The drops hit the glass, distorting the letters as I try to read it and work out who could be messaging me. I purposefully don’t allow anyone in my life. Swiping them away with my palm, I lean over the device to block out the rain and every inch of life drains out of me seeing the unknown number.

UNKNOWN:

He’s coming for you.

Knock.

Knock.

Ask who’s there, beautiful Delilah.

A twig snaps within the copse of trees, causing me to jump, and my phone flies out of my hand, hitting the floor with a splash.

But I run.

Again.

This time I know it’s an evil spirit. He’s back and he won’t stop.

The elements are nothing against the fear inside of me. Each pound of my feet against the ground is followed by another pair echoing behind me.

They get faster as my muscles burn. The pelting rain reduces the visibility, but I keep running. My lungs ache with harsh breaths until the ground crumbles under my feet, and I scream as the cliff edge gets closer. It takes my legs out from under me, and I scramble to remain on my feet as I crawl forward, my fingers scraping the sheets of rain as they stretch out in front of me.

A heavy weight hits my back, slamming me into the ground, and I kick.
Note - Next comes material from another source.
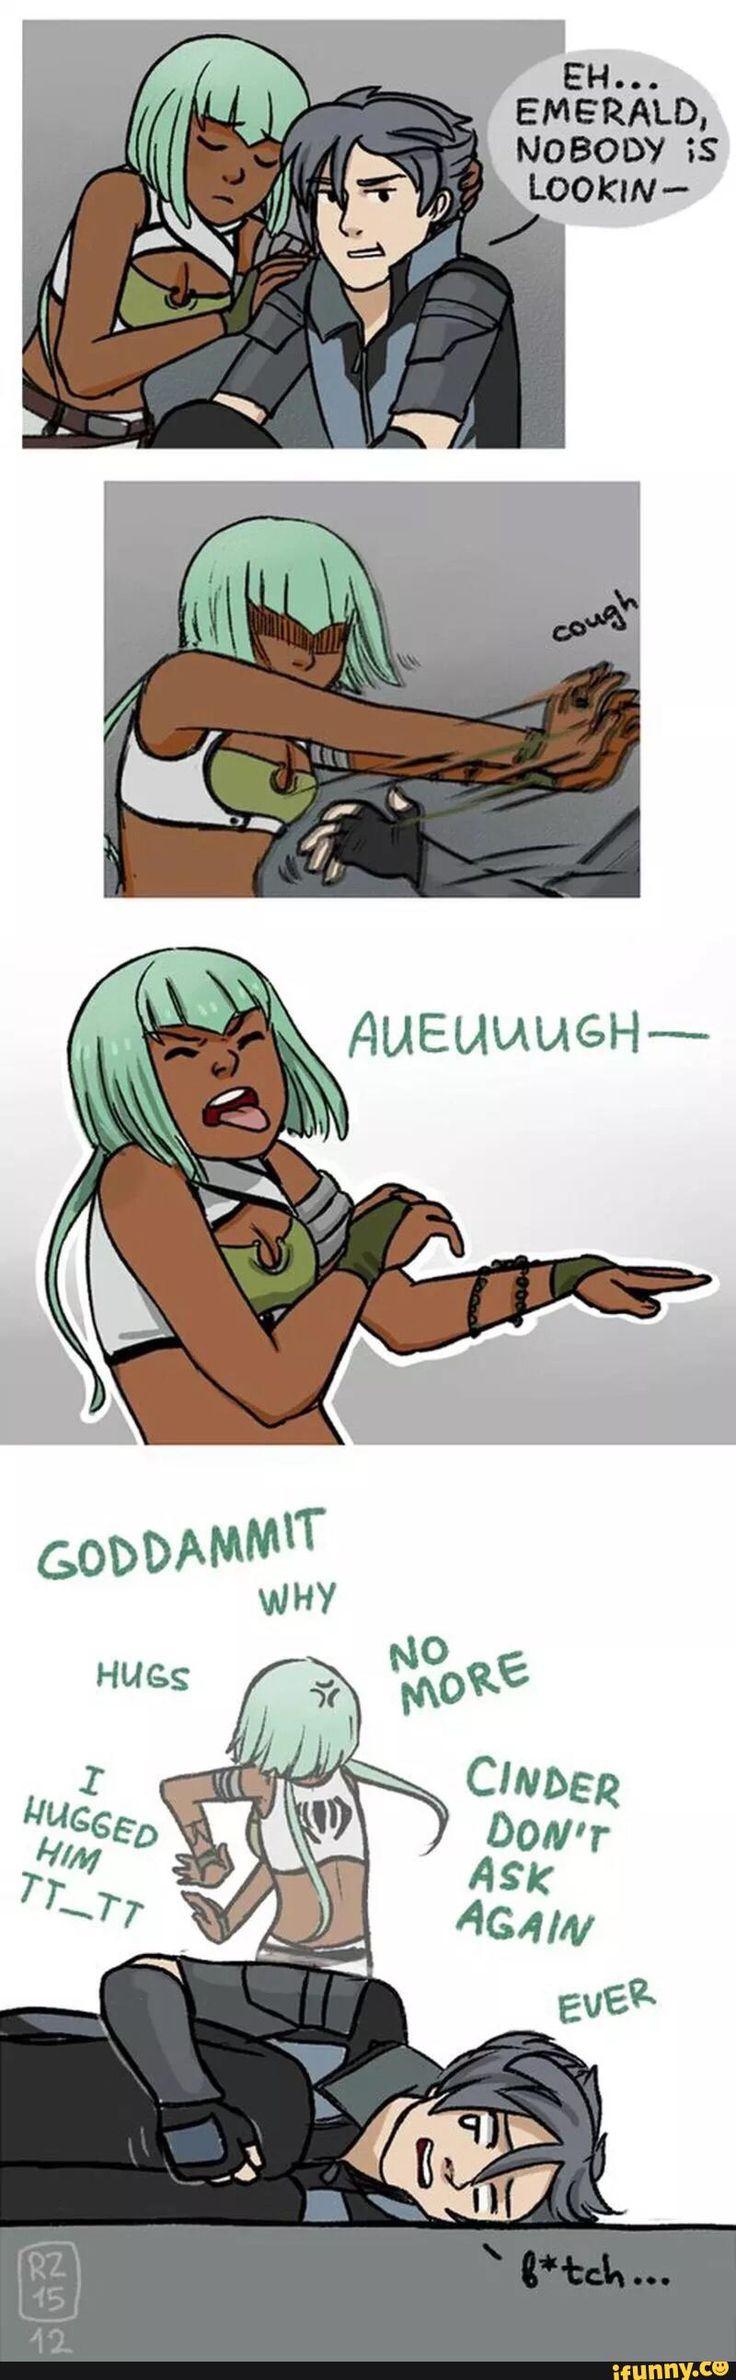 rwby, emerald, mercury
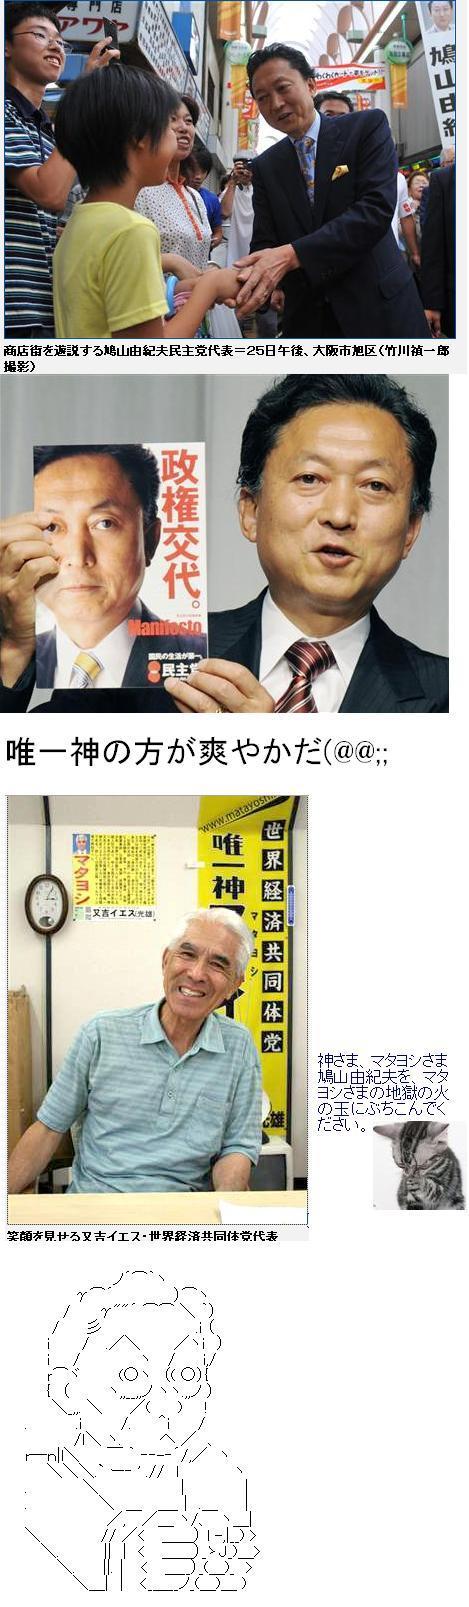 hatoyamataifomae200907.jpg

He’s not breathing hard or exhausted as he turns me on my back and presses his forearm over my throat.

My air is constricted further as I blindly fight, trying to get him off me. I can’t see his features with the elements working against me, but he bears his weight down and warmth ghosts my cheek. It stops beside my ear as he whispers, “Go to sleep, beautiful. I’ll wake you up when it’s over.”

The pressure against my windpipe intensifies, my fingers burning from the rush of blood into my cold hands, but I know that sentence. Despite nature’s assault, I manage to croak, “It’s you.”